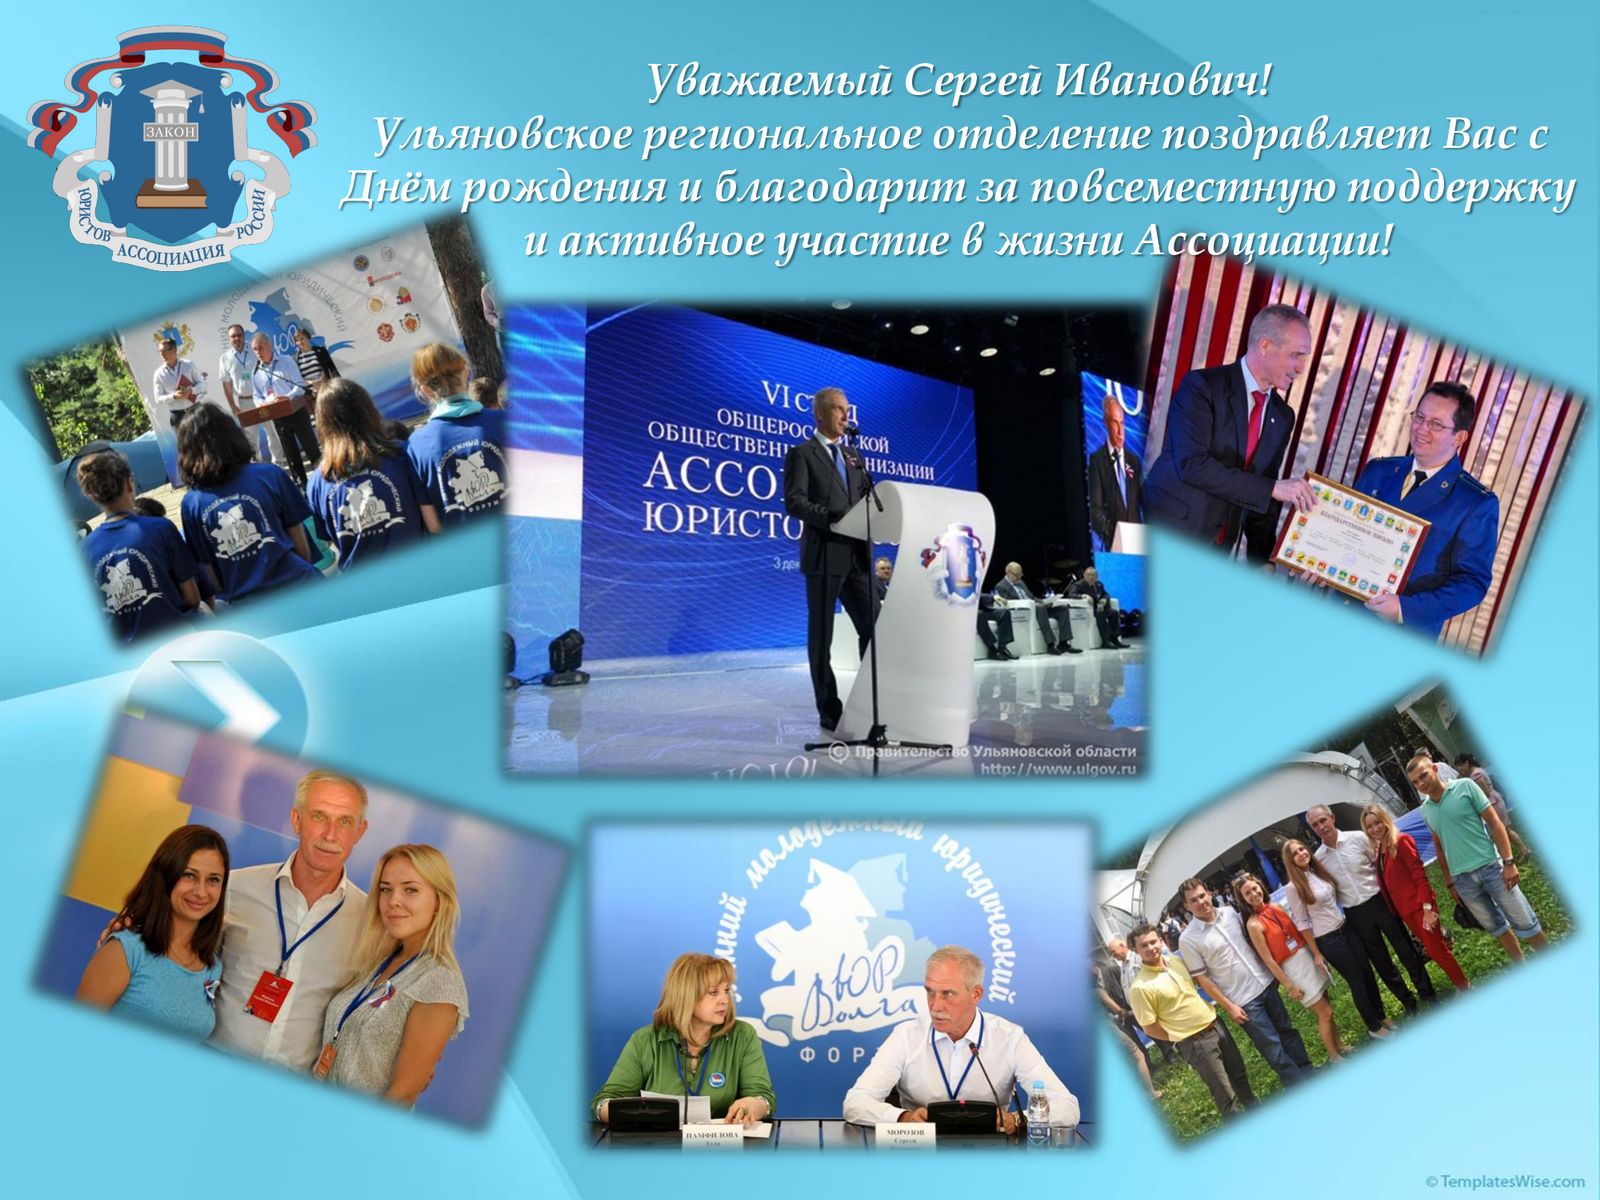 Поздравляем с днём рождения Председателя Совета Ульяновского регионального отделения Сергея Ивановича Морозова!
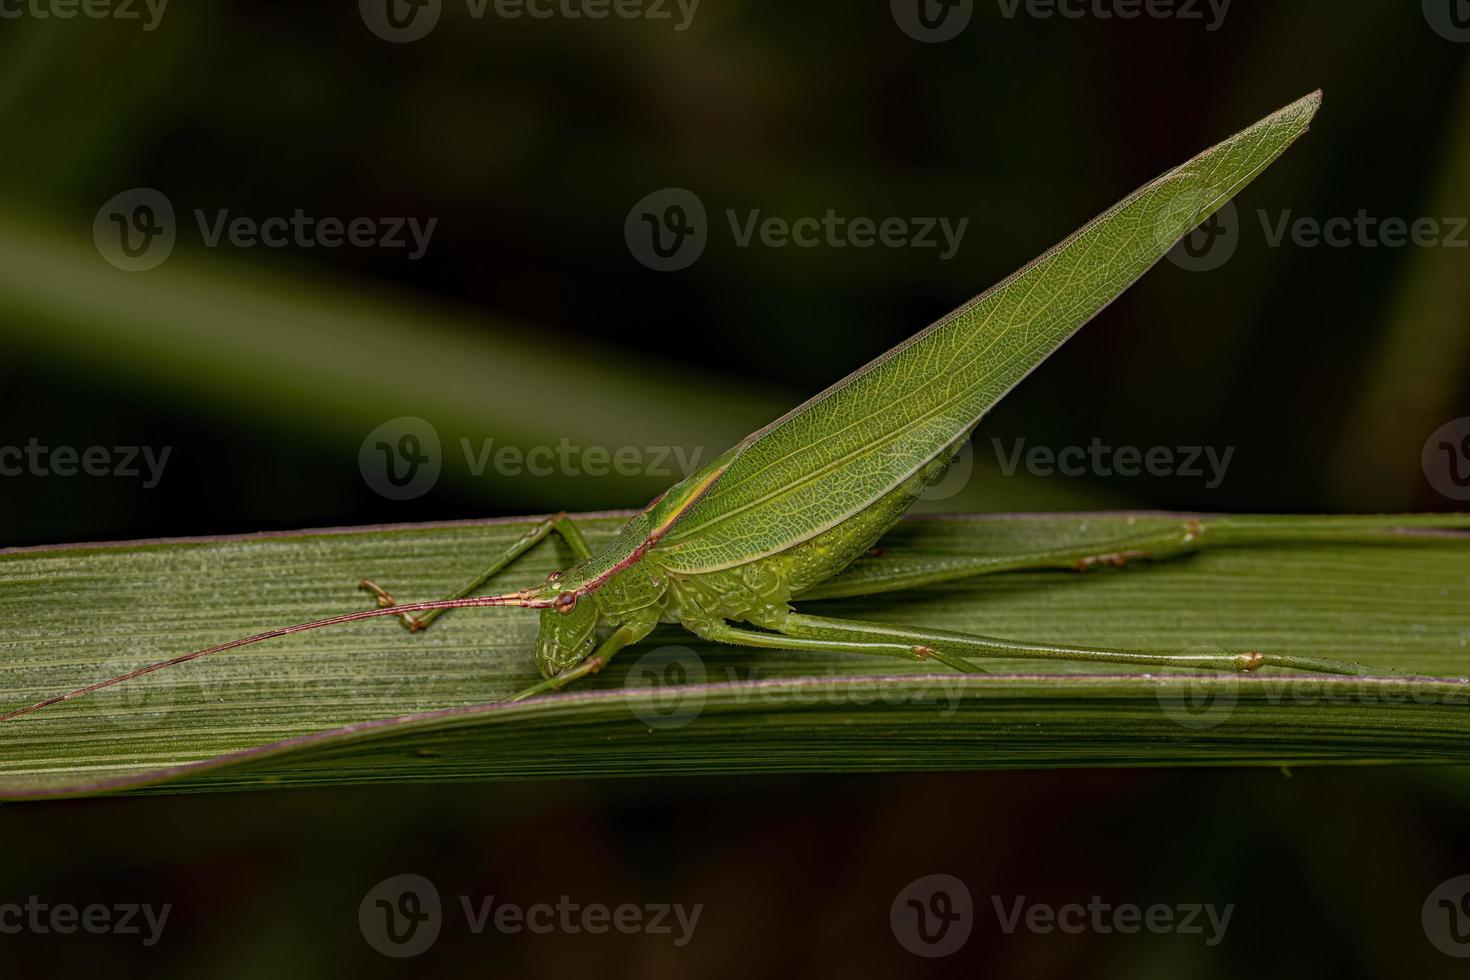 erwachsenes phaneropterine katydid foto
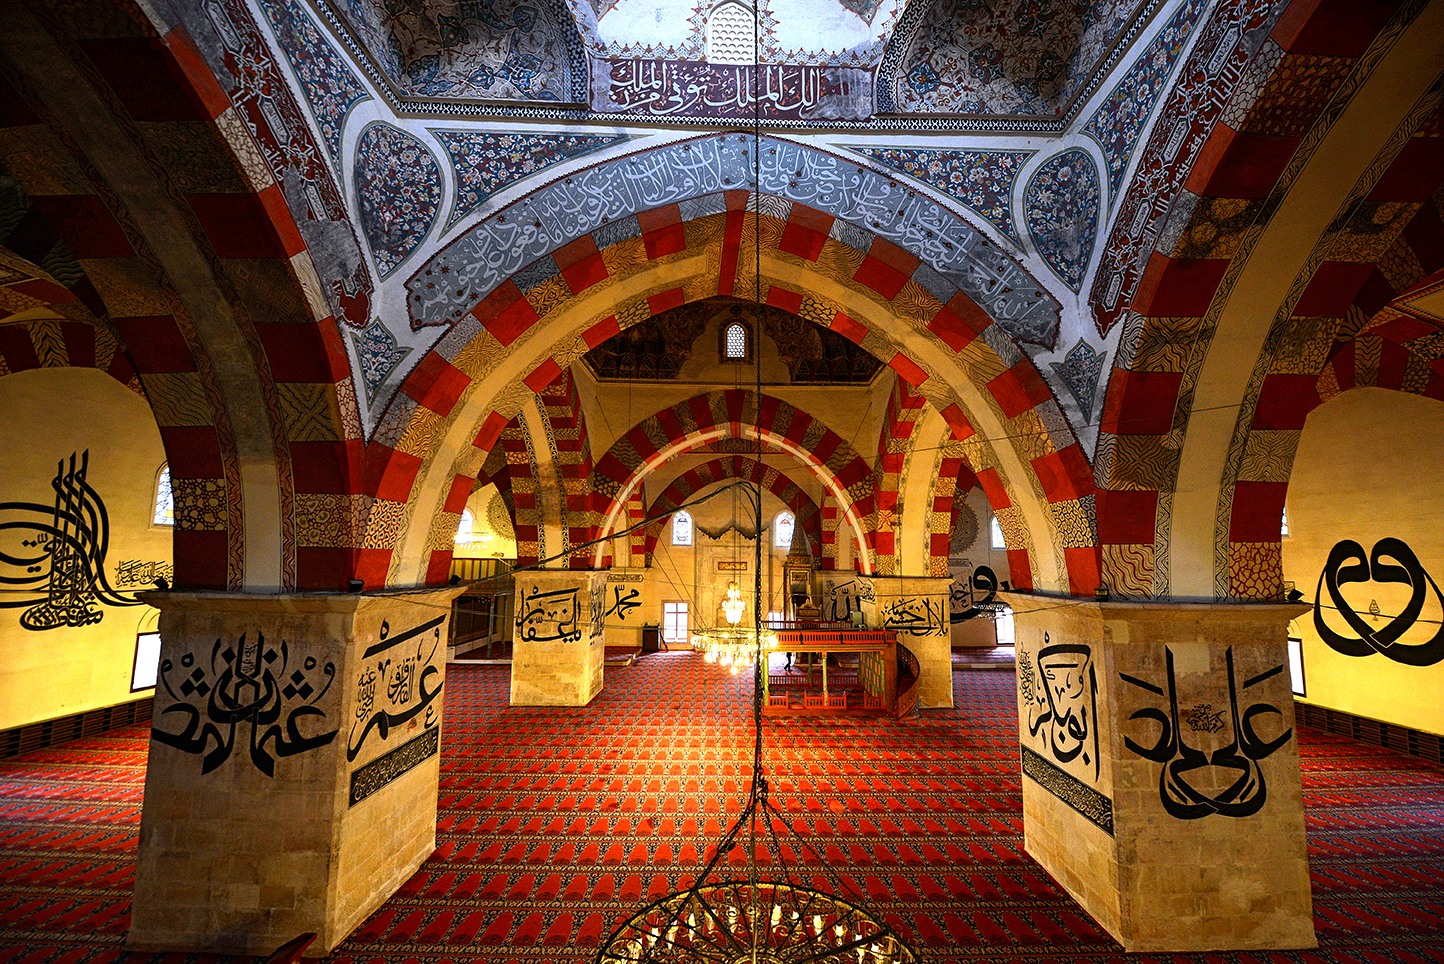 وبخلاف ذلك فقد جمع صور الـ 118 مسجد جامع التي كان قد صورها في ألبوم ونشرها في كتاب قبل سقوطه شهيداً بشهر واحد. (مسجد أدرنة القديم)
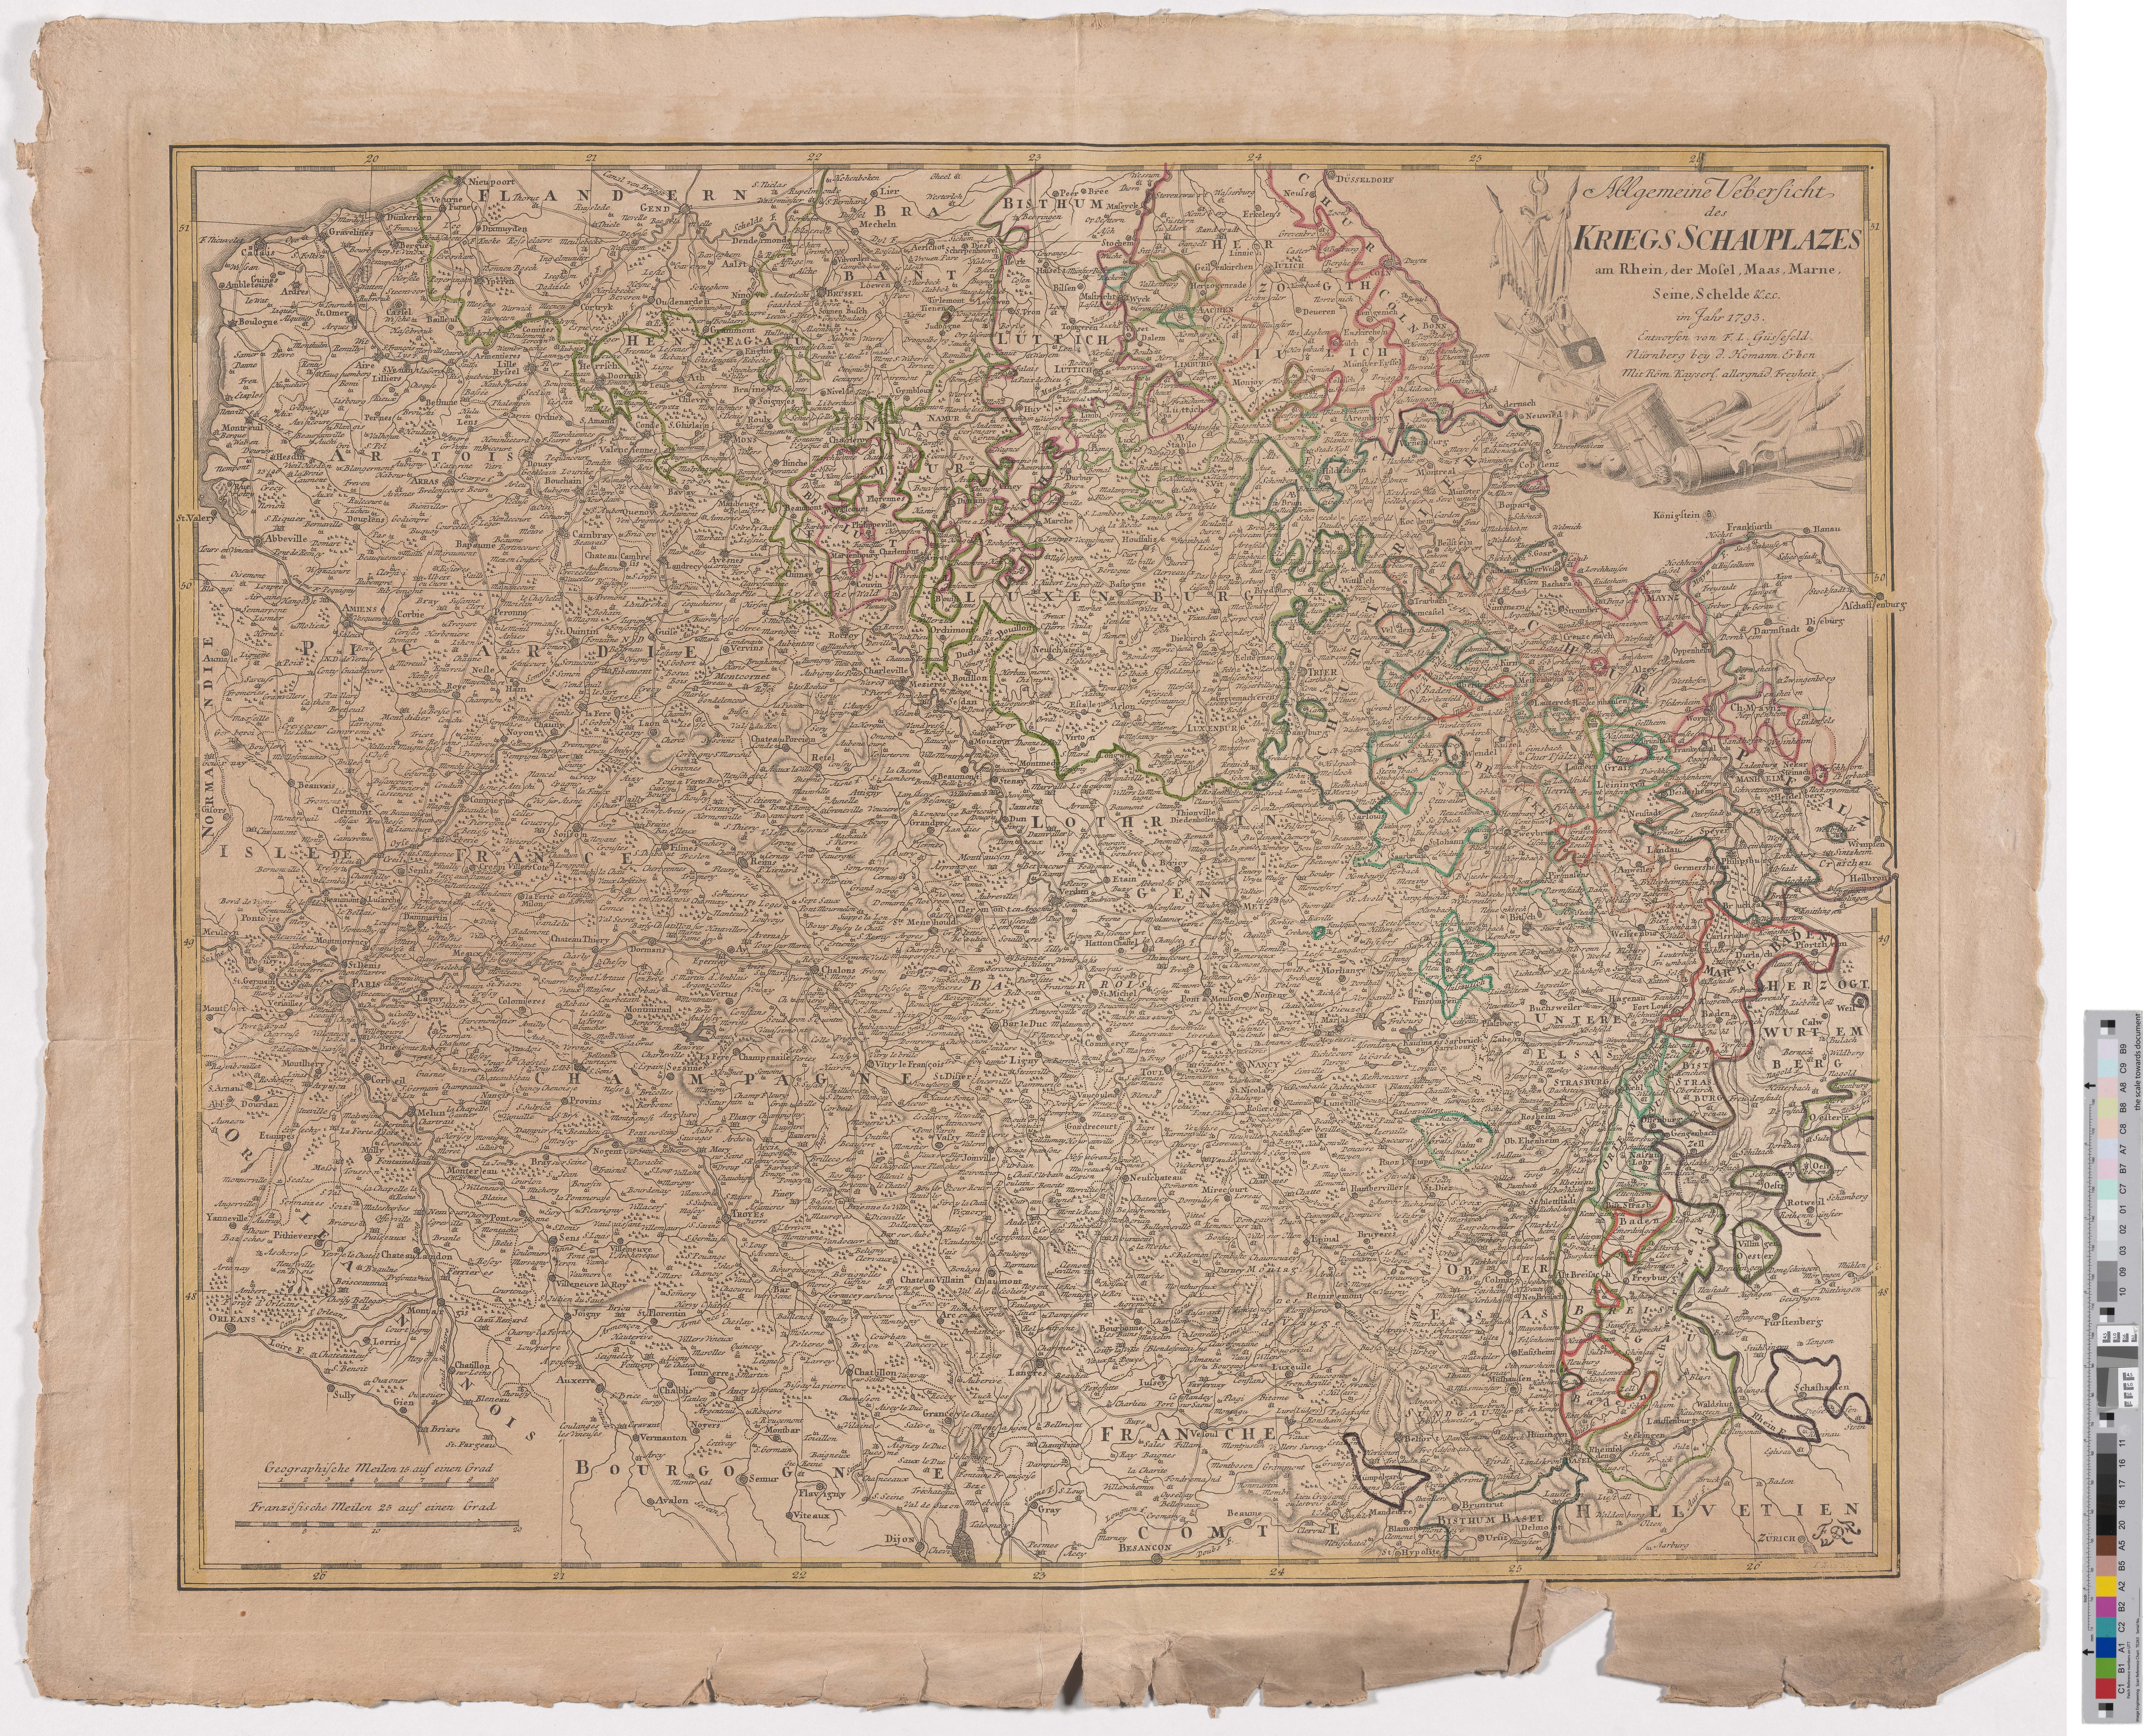 Landkarte "Allgemeine Uebersicht des Kriegsschauplatzes am Rhein, der Mosel, Maas, Marne, Seine, Schelde" (Kreismuseum Grimma RR-F)

THE PROBLEM:
The copy must match the listing above exactly but contain no pictures.

ANSWER FOR THE TASK:
 Поздравляем с днём рождения Председателя Совета Ульяновского регионального отделения Сергея Ивановича Морозова!
 erwachsenes phaneropterine katydid foto
 وبخلاف ذلك فقد جمع صور الـ 118 مسجد جامع التي كان قد صورها في ألبوم ونشرها في كتاب قبل سقوطه شهيداً بشهر واحد. (مسجد أدرنة القديم)
 Landkarte "Allgemeine Uebersicht des Kriegsschauplatzes am Rhein, der Mosel, Maas, Marne, Seine, Schelde" (Kreismuseum Grimma RR-F)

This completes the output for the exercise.